It should be noted that the storage system in the embodiment of the present invention may be a plurality of types of data storage systems such as a relational database, NOSQL, a file-type database, and the like, and the embodiment of the present invention is mainly described by taking the relational database as an example.
In the embodiment of the invention, after the information data is acquired from the block chain, the information data is not directly utilized to establish the Merkel tree, but the information data is structured and then the Merkel tree is established. Of course, in some scenarios, the information data can be directly used for building the Merkel tree, such as storing and checking the state and transaction information. In the following, how to acquire information data from the blockchain and how to perform data processing after acquiring the information data will be described in detail.
In a blockchain platform such as an etherhouse, a log is allowed to be defined in an intelligent contract to track transactions and information, and one contract can record and archive the log by defining an 'event' for a client to obtain.
To implement structured querying of blockchain transaction data, log burial points are created in intelligent contracts and the intelligent contracts are published onto blockchains. The application program sends out a trade uplink request, the block chain can call an intelligent contract to process the trade, a buried point log in the intelligent contract is triggered in the calling process of the intelligent contract to generate trade log information, and the trade log information is stored in the block information of the block chain. The log information may include contract address, sender address, original initiator address, internal variable value, some function return value, etc.

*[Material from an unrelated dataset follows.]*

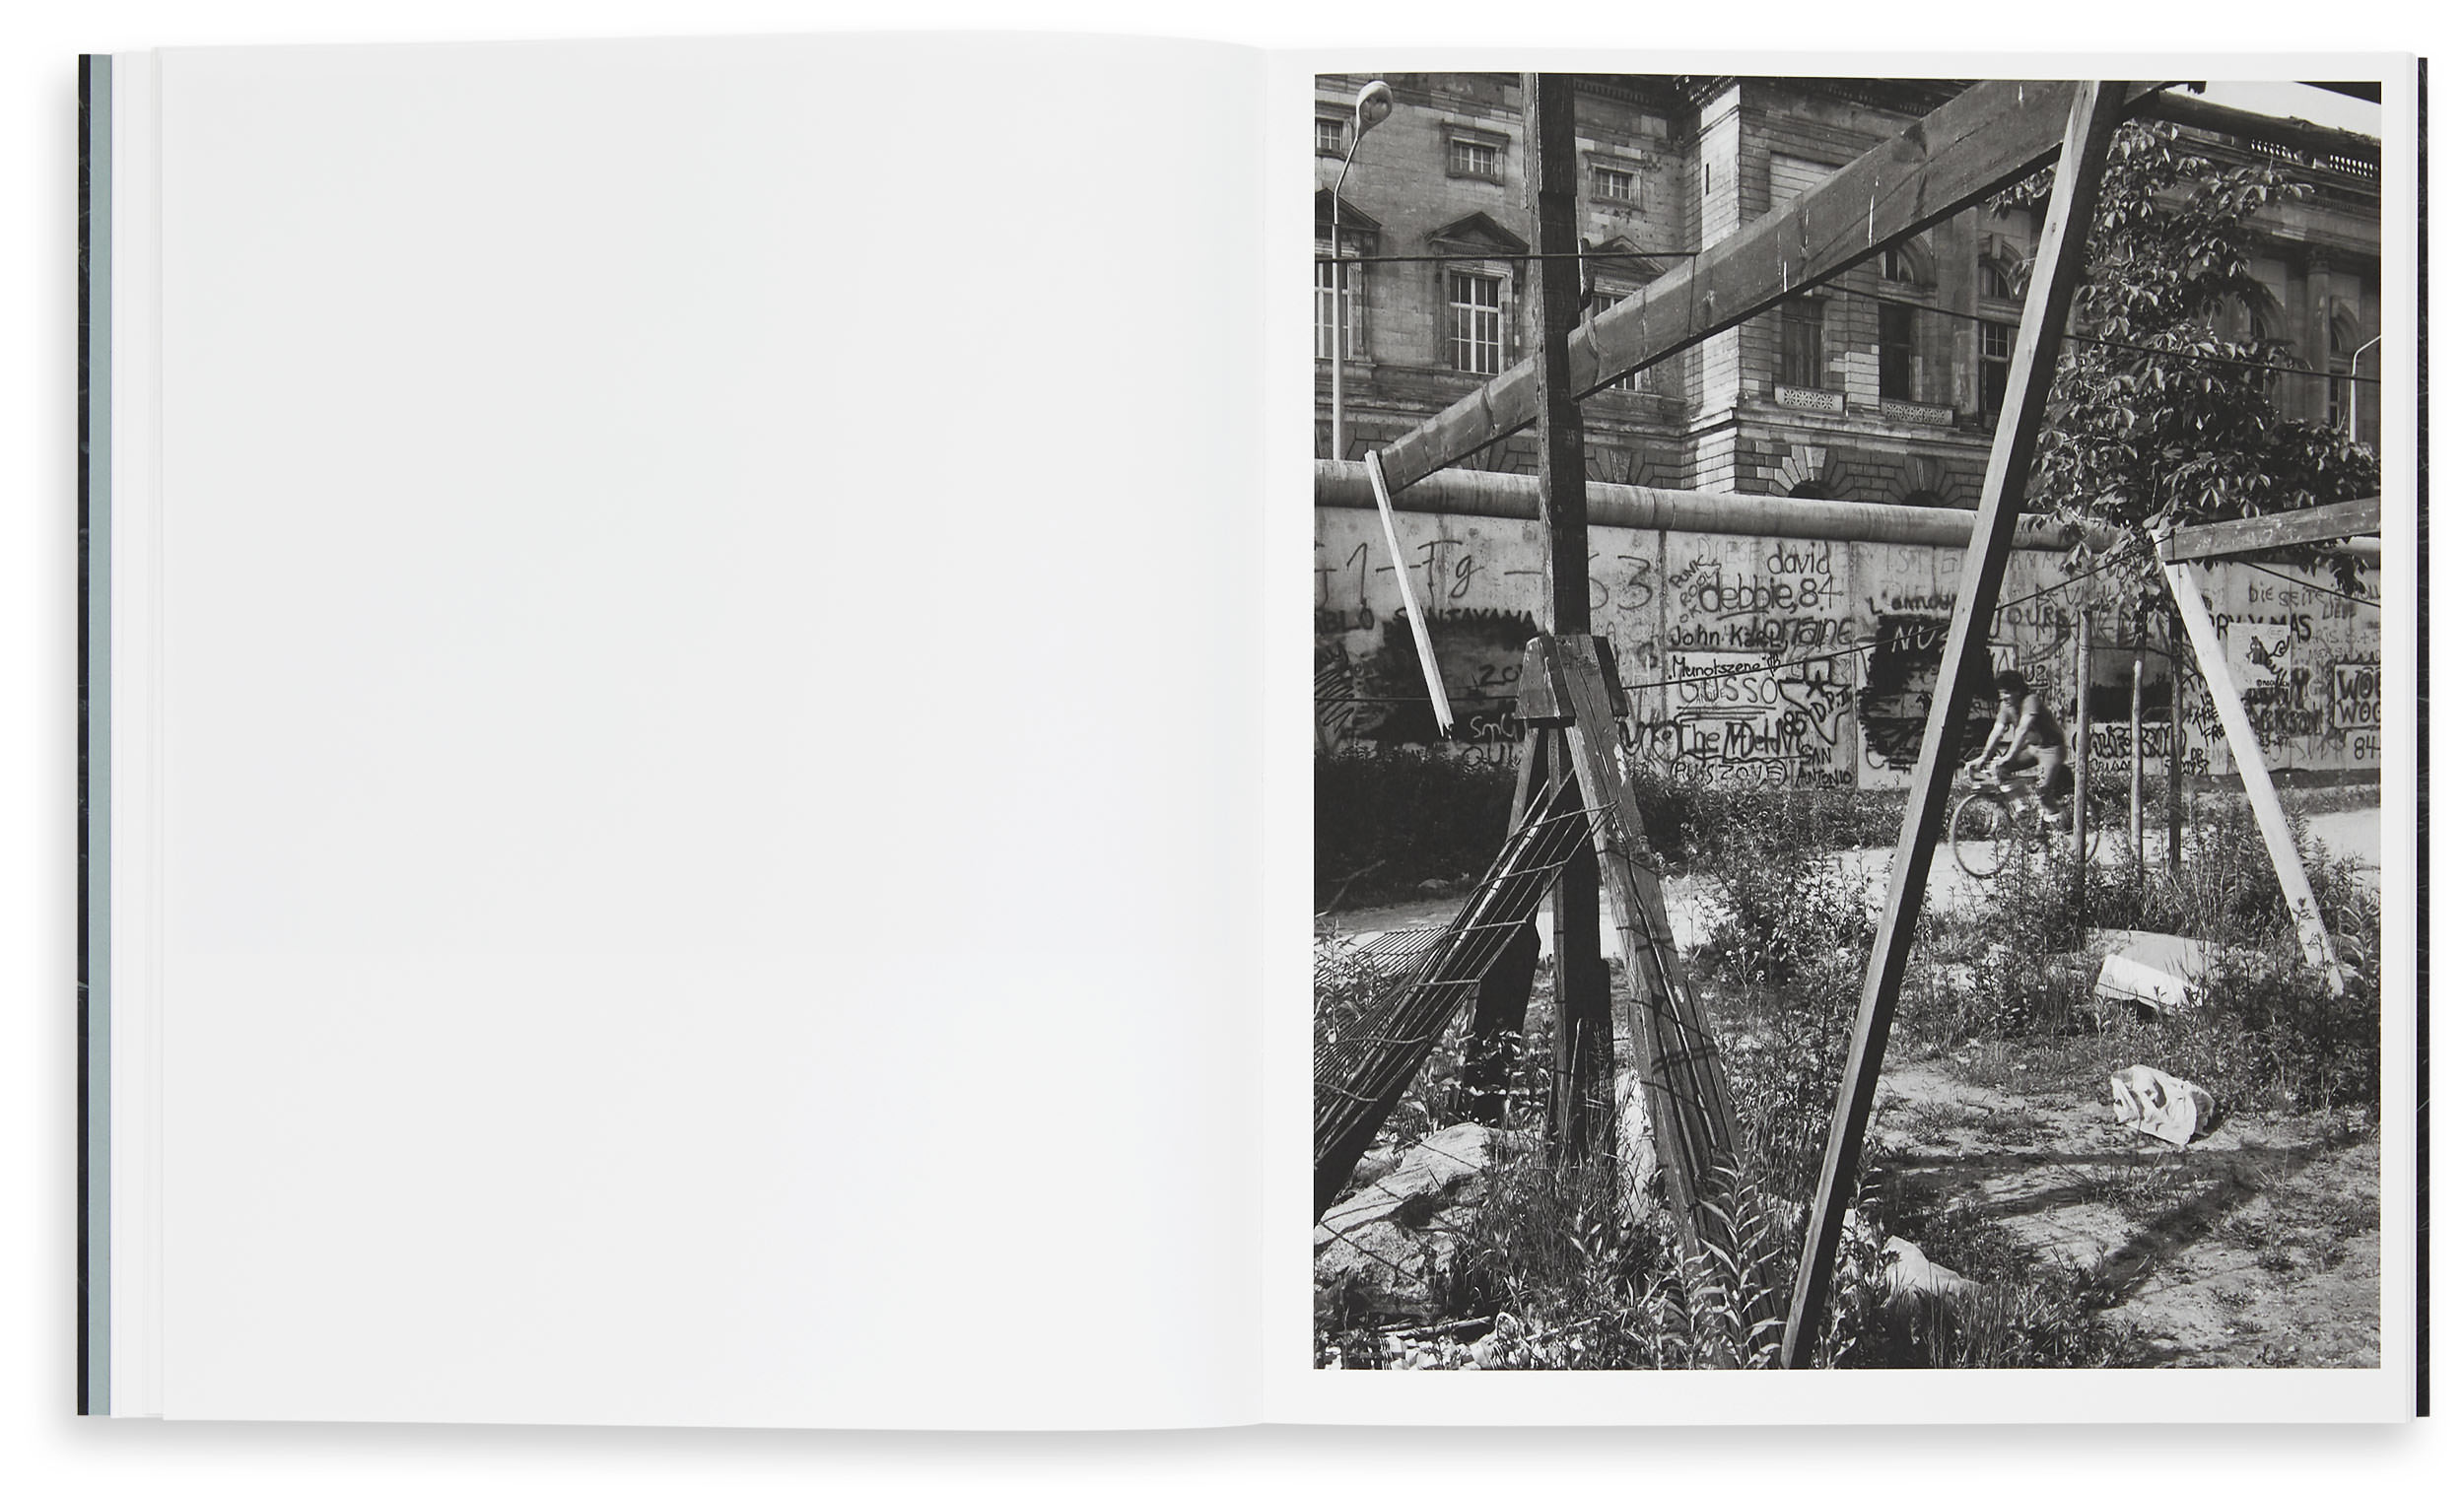 The “Topography of Terror” Site as Reflected in Contemporary Photography

That is, when an application of the blockchain initiates a trade uplink request, the intelligent contract on the blockchain executes the request and stores log information such as a sender address and a contract address into the blockchain block information.
In order to meet the requirements of business data visualization, system operation and maintenance monitoring, real-time business reporting, business data reconciliation and the like, transaction information, state information and log information in a block chain need to be saved in another storage device (such as a relational database). The server acquires transaction information, state information and log information by calling a RPC interface at the bottom layer of the block chain; and organizes the storage of data in the form of a table structure of a relational database. The transaction information may include information such as a transaction participant identifier, a transaction account number, a transaction amount, and the like; the state information may include state change information of the corresponding account.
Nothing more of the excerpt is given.